Participants identified key priority actions for the next two years:
1. Redirect health systems’ attention to an integrated approach to caregiver support, including family-centred health care and a caregiver navigation system
2. Develop a template of key themes to organize information on programs and policies by province/territory, and begin to populate the template and make it available nationally
3. Develop a communication strategy that positions the health of caregivers as part of a pressing public health issue, and embed this perspective in new and existing policy frameworks
4. Create national standards for assessing caregiver health
5. Reduce the powerlessness of caregivers by addressing isolation and lack of information
For each of the priority areas, participants suggested people in the room who could
generate the momentum required to move these recommendations forward.
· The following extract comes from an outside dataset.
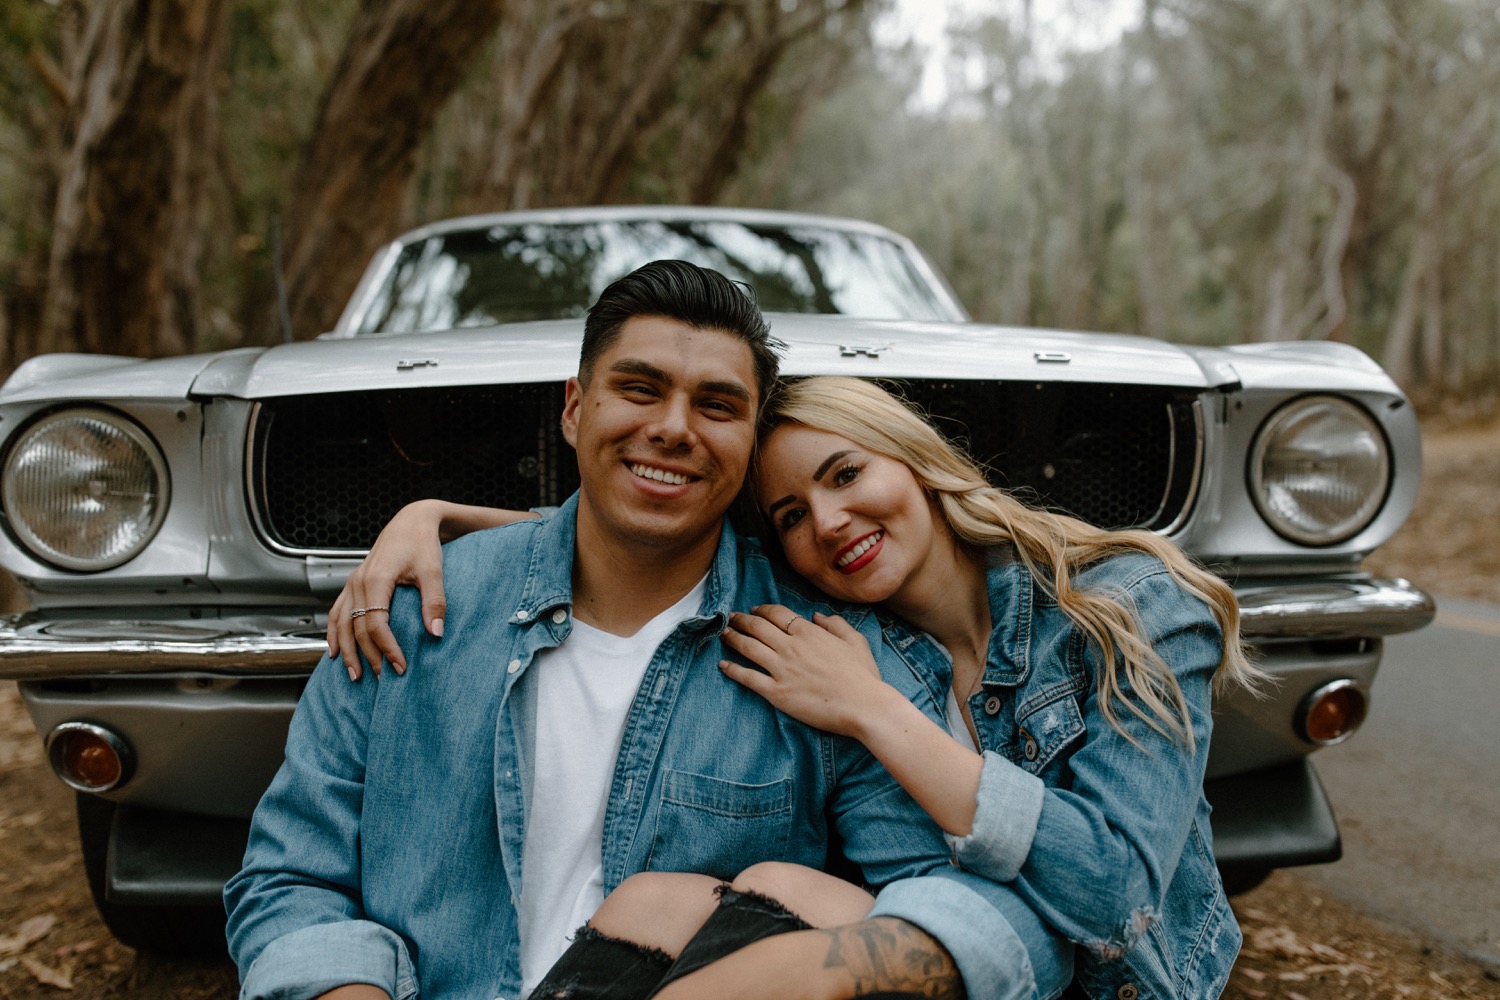 Free Photos - A Man And A Woman Standing Together In A Car Showroom. They  Are Smiling And Hugging Each Other Close, Conveying A Sense Of Affection  And Happiness. The Couple Is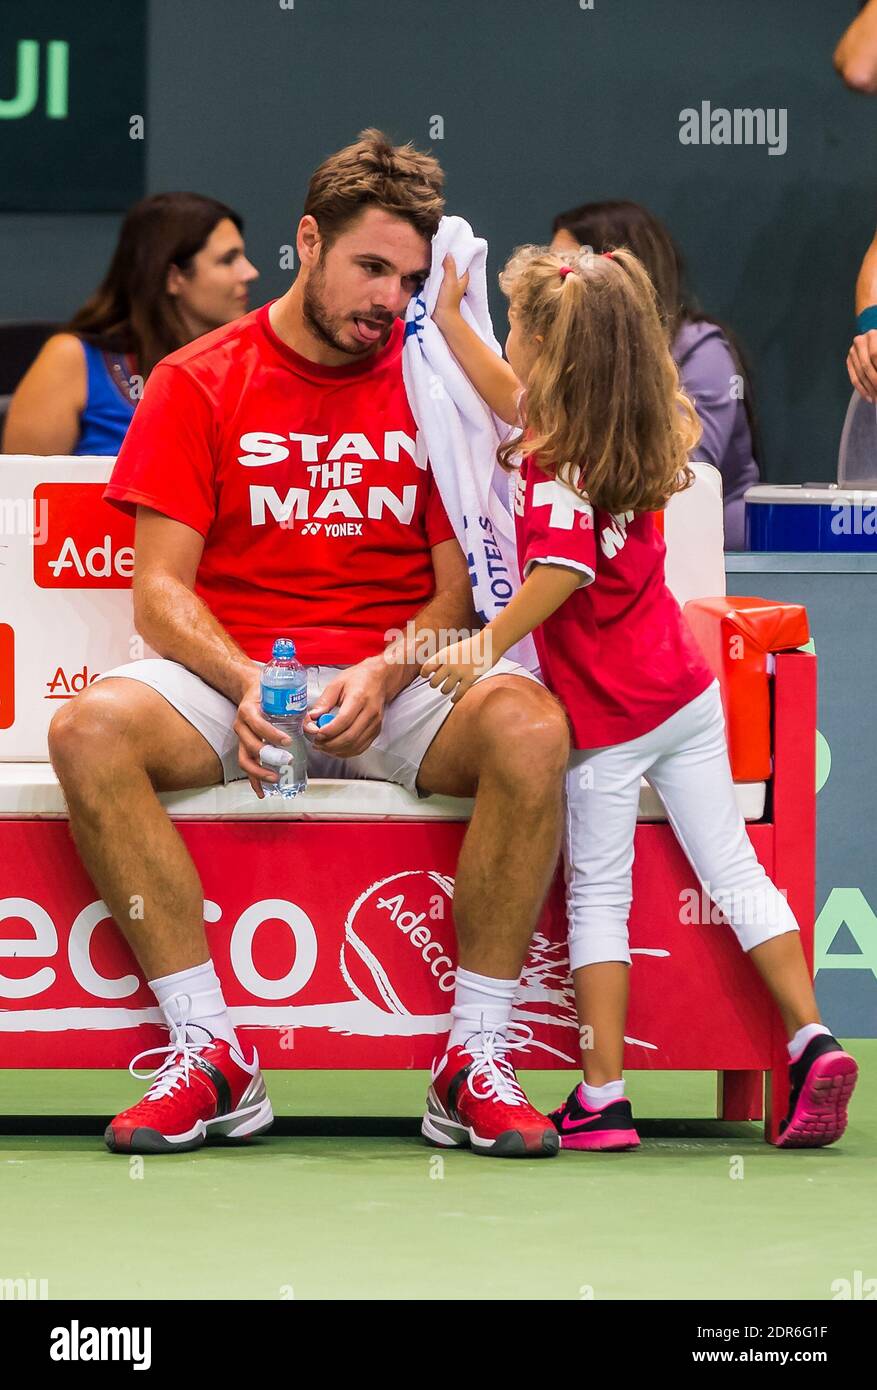 Stanislas 'Stan' Wawrinka during his training session with his daughter Alexia  Wawrinka before the Davis Cup World Group playoff tennis tie match between  Switzerland and the Netherlands in Geneva, Switzerland on September

The final activity of the day was a discussion on areas for future research. Participants explored what evidence would be required by policy makers to implement some of the recommendations generated throughout the day. The implications, impact and outcomes of the Alberta caregiver legislation were also mentioned as a potential aid to policy makers. Participants suggested more research on the actual health care costs incurred by families, on their quality of life, on the “costs” (or effects) of caregiving on income and employment, and on respite care including a cost benefit analysis. Participants also emphasized the importance of mining the results of research on caring for the elderly and young adults to see if these experiences can be adapted to helping families of children with disabilities.
Dr. Peter Rosenbaum and Dr. Dafna Kohen closed the roundtable by thanking participants for their contributions to this important dialogue. They confirmed that the group had met the objectives for the day and emphasized the value of continued networking among participants that was initiated at this meeting. They also pledged to maintain the momentum that was generated at the roundtable.
What You Can Do
The organizers and indeed all the participants are keen to spread the word about the importance of the issue, about what is already known or coming to be known about caregiver health and its effects, and about what is being done or needs to be done in the realm of public policy. Dr. Rosenbaum emphasized at the end that the purpose of research in this area is to improve the lives of children, youth, and families, so there will eventually — and maybe quite soon -- be need for lobbying, letter-writing, and the like. My own sense is that parents are almost always the best advocates for their children but often very reluctant advocates for themselves. But of course the health of children and the health of their parents and their whole families are intimately and inextricably related.
• share this report with anyone and any group you think may find it to be of interest,
• let me know if you have questions about the roundtable that the above does not address, and
• let me know if you have suggestions or questions you would like me to pass on to the four organizers of the event (Drs. Kohen, Rosenbaum, Arim, and Brehaut).
I will share with everyone on the CFAN contact list any further information I receive about what follows the roundtable. In addition, I know it is the intention of the organizers to engage more parents and other caregivers in subsequent activities, and I’ll ensure they know that they will find valuable contributors among the groups and individuals who make up CFAN.